Karen Martucci, spokesperson for the state Department of Correction, said she can't say with 100% certainty that the spike in Montville cases is due to the correctional facility but said it's likely, noting that the DOC started mass testing the inmate population this past week.

She said all 1,009 inmates at Corrigan were tested between mid-week and Friday. She also said results come in batches.

The department updates data on its website daily Monday-Friday. The data show 110 total positive cases so far at Corrigan as of Friday, the same number of cases reported in total so far in Montville on Friday.

Amid reopenings, spike expected

As states lift stay-at-home orders and other restrictions put in place to curb the spread of COVID-19, some have had a spike in cases.

"As we reopen, we know there's going to be an uptick in cases. We expected that," said Dr. Scott Gottlieb, a Westport resident and former head of the Food and Drug Administration, who joined Lamont virtually at his May 19 coronavirus briefing.

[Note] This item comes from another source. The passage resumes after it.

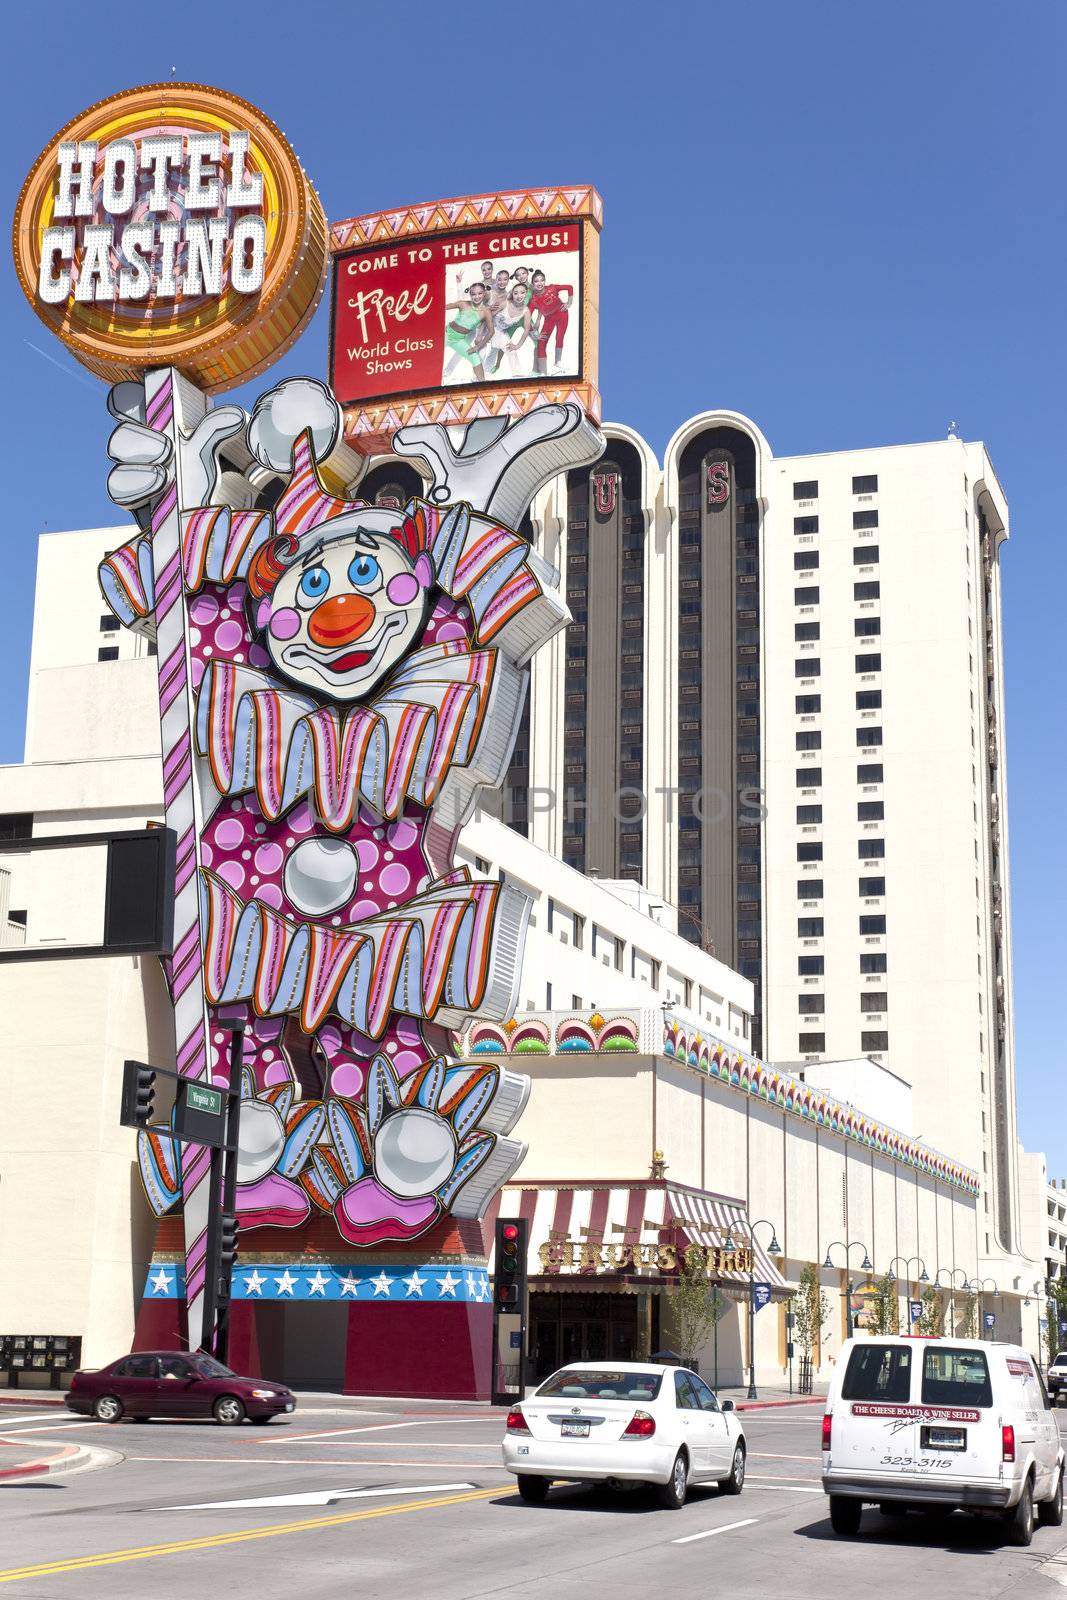 Circus Circus casino hotel, Reno NV. by Rigucci

"We're going to see more hospitalizations. We're going to see cases grow," Gottlieb said. "That's why it's important to have a staged reopening, as this state is doing, and look at the data and lean heavily on those case-based interventions to try to reduce the number of cases that we see increase as a result of our increased social interactions."

On an individual level, that means continuing to wear masks, practice good hygiene and stay 6 feet apart from others.

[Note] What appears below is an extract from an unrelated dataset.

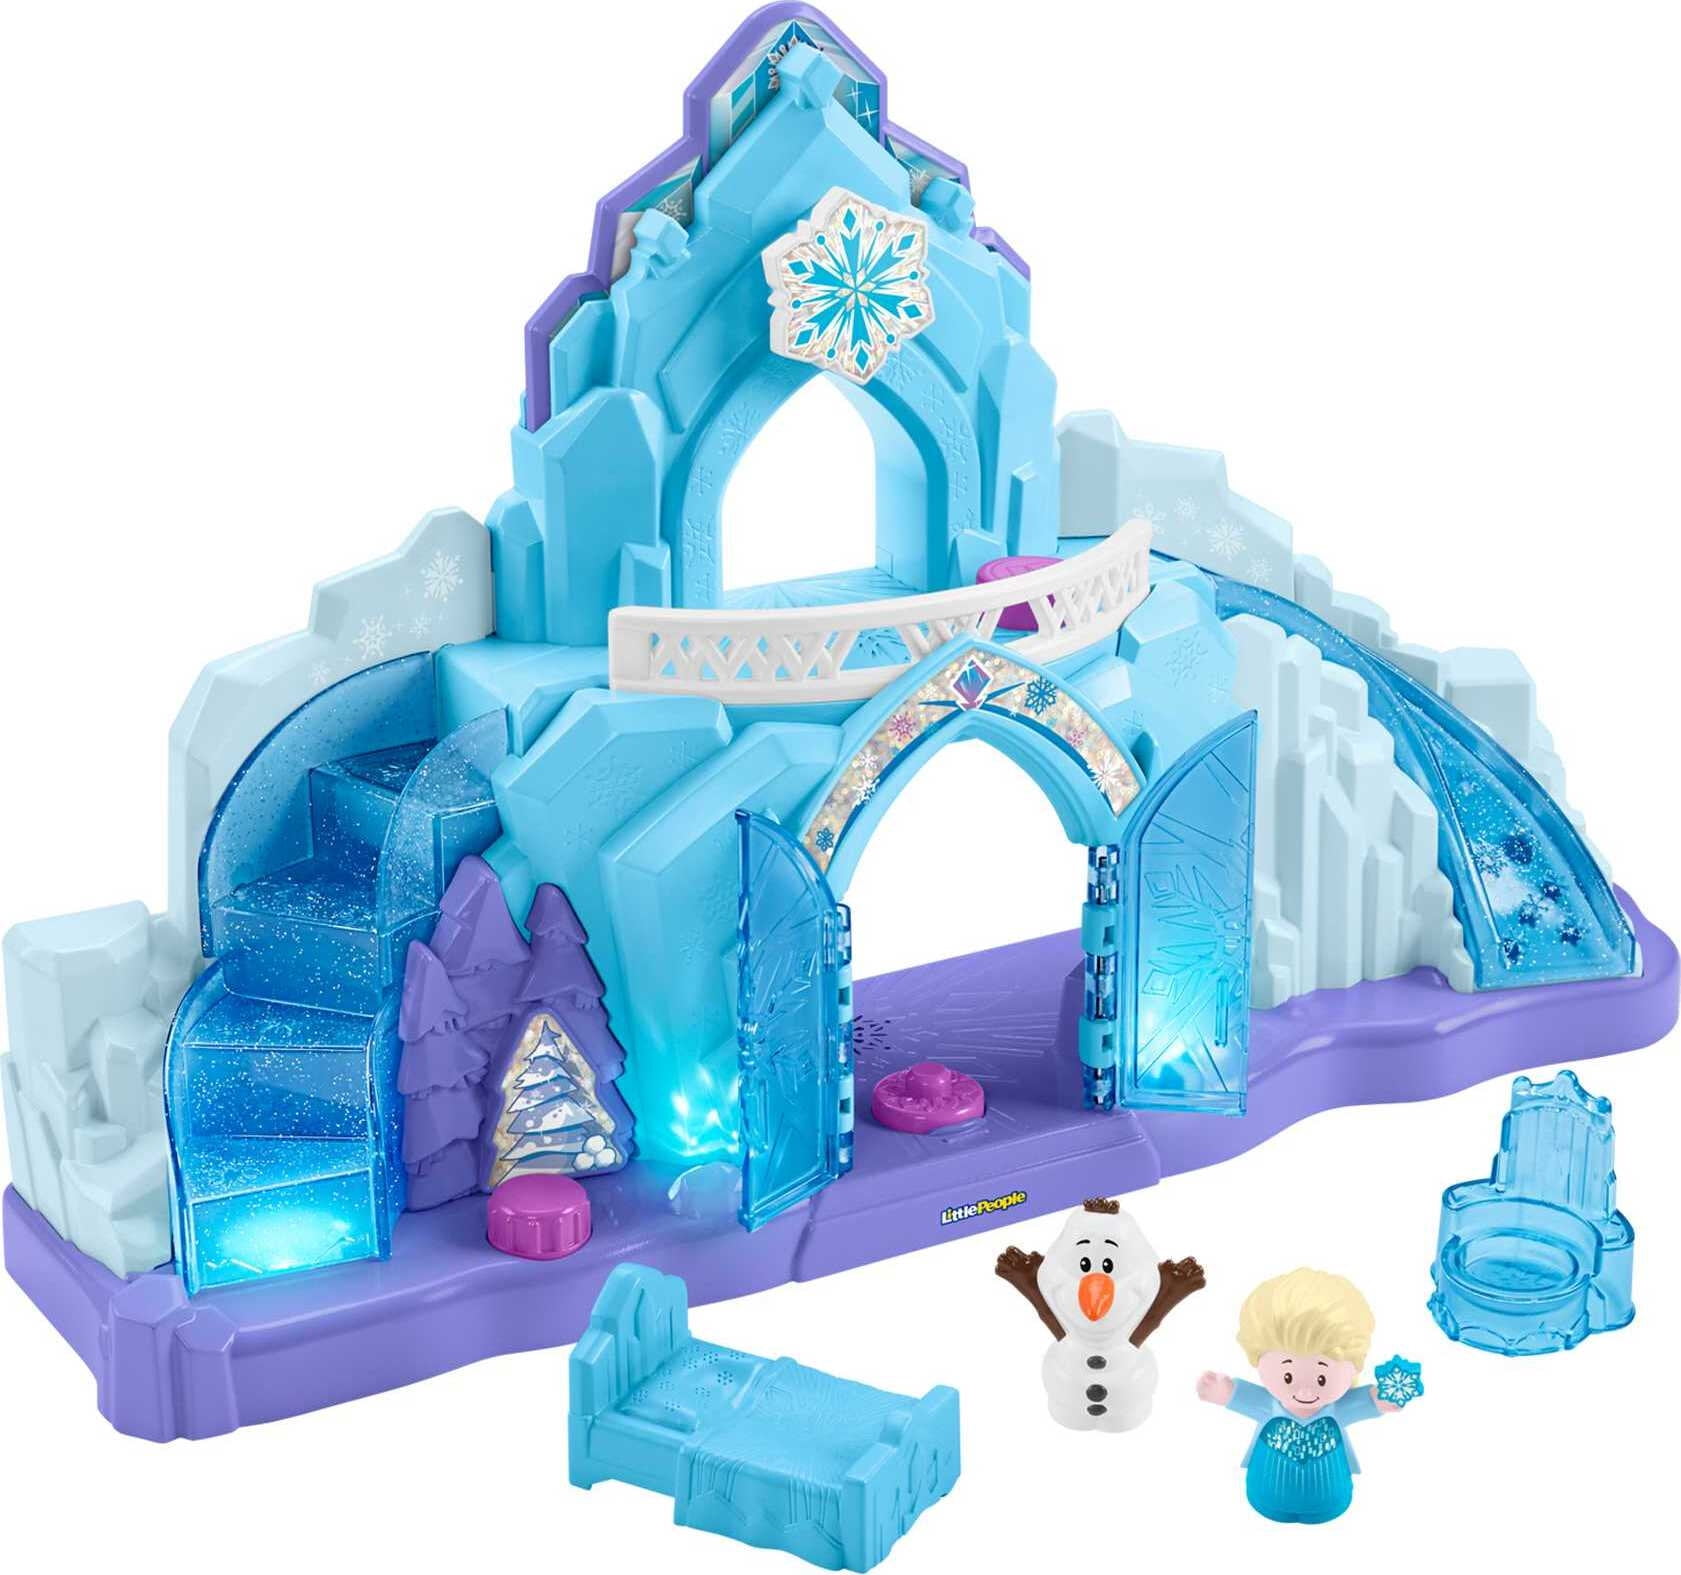 Fisher Price Little People Disney Frozen Kristoff's Sleigh & Figures Playset

"Those kind of individual practices done on a large scale have a dramatic impact on an epidemic spread," Gottlieb said.

Day, the health district nurse practitioner, said these measures are our best defenses against COVID-19 until a vaccine is widely available.

The Centers for Disease Control and Prevention is recommending that the general public wear cloth-based masks or face coverings. While not medical-grade, these cloth masks still help to prevent someone from transmitting the virus to others by containing respiratory droplets generated when coughing, sneezing or talking, which is primarily how COVID-19 spreads, Day said.

Given that a significant portion of those with COVID-19 are asymptomatic, wearing a mask can help prevent someone from unknowingly spreading the virus to others, she said. On top of that, the incubation period for COVID-19 is two to 14 days, so someone could be infected with the virus for up to two weeks before experiencing symptoms, she said.

Some people have pushed back against Lamont's executive order requiring Connecticut residents to wear masks or cloth face coverings whenever they come within 6 feet of another person in a public place, saying it infringes upon their civil liberties.

Day and Vermund said to think of it as a courteous act you are doing to protect others.

"It is a reasonable compromise of your personal liberty to protect your fellow Connecticut residents and your neighbors with a simple set of principles: mask use, personal hygiene, physical distancing," Vermund said.

If not for yourself, Day said, do it for those who are at high risk for severe complications from COVID-19, such as the elderly, the immunocompromised and those with chronic health conditions.

"Do it for the health care workers and first responders who are risking their lives to care for COVID-19 patients," she said. "Consider the burden that COVID-19 has placed on our health care system."

Day said there is a subset of people who should not wear face masks, including children under the age of 2, anyone who has trouble breathing while wearing a mask, such as those with chronic obstructive pulmonary disease, or COPD, asthma or other respiratory illnesses, those who may not be able to tolerate wearing a mask, and anyone who is not able to remove a mask by his or herself.

As for best practices when wearing a mask, Day said it should:

  • Fit snugly but comfortably against the side of the face.
  • Cover the nose and mouth.
  • Be secured with ties or ear loops.
  • Include at least two layers of cotton fabric.
  • Allow for breathing without restriction.
  • Be able to be washed and dried without damage or change to shape.
  • Washed regularly and stored in a brown paper bag when done using.

Day Staff Writer Erica Moser contributed to this report.